*** Opening Entries supplied ***

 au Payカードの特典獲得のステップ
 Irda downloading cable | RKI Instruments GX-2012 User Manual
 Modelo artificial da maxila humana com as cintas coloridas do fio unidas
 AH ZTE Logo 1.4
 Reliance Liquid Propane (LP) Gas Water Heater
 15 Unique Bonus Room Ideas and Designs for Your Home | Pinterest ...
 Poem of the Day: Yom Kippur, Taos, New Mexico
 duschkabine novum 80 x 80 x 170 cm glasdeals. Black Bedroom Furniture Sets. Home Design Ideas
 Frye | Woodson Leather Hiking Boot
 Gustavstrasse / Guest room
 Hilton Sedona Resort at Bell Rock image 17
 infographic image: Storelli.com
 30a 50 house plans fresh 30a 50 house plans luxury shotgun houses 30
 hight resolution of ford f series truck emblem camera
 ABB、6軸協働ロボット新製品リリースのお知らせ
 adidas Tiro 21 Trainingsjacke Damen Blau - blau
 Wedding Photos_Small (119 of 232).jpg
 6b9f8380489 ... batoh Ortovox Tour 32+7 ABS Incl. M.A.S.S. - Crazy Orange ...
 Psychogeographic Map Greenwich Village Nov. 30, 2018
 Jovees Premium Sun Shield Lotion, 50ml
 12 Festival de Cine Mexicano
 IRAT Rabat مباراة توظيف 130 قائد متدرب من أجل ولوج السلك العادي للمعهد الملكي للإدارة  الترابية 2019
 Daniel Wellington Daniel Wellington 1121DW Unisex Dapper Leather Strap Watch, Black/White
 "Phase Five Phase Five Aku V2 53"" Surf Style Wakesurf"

*** Closing Entries supplied ***

> **Activity**
The response must consist solely of the lines from the first line of the entries through the line containing "15 Unique Bonus", repeated exactly.

> **Answer box**
 au Payカードの特典獲得のステップ
 Irda downloading cable | RKI Instruments GX-2012 User Manual
 Modelo artificial da maxila humana com as cintas coloridas do fio unidas
 AH ZTE Logo 1.4
 Reliance Liquid Propane (LP) Gas Water Heater
 15 Unique Bonus Room Ideas and Designs for Your Home | Pinterest ...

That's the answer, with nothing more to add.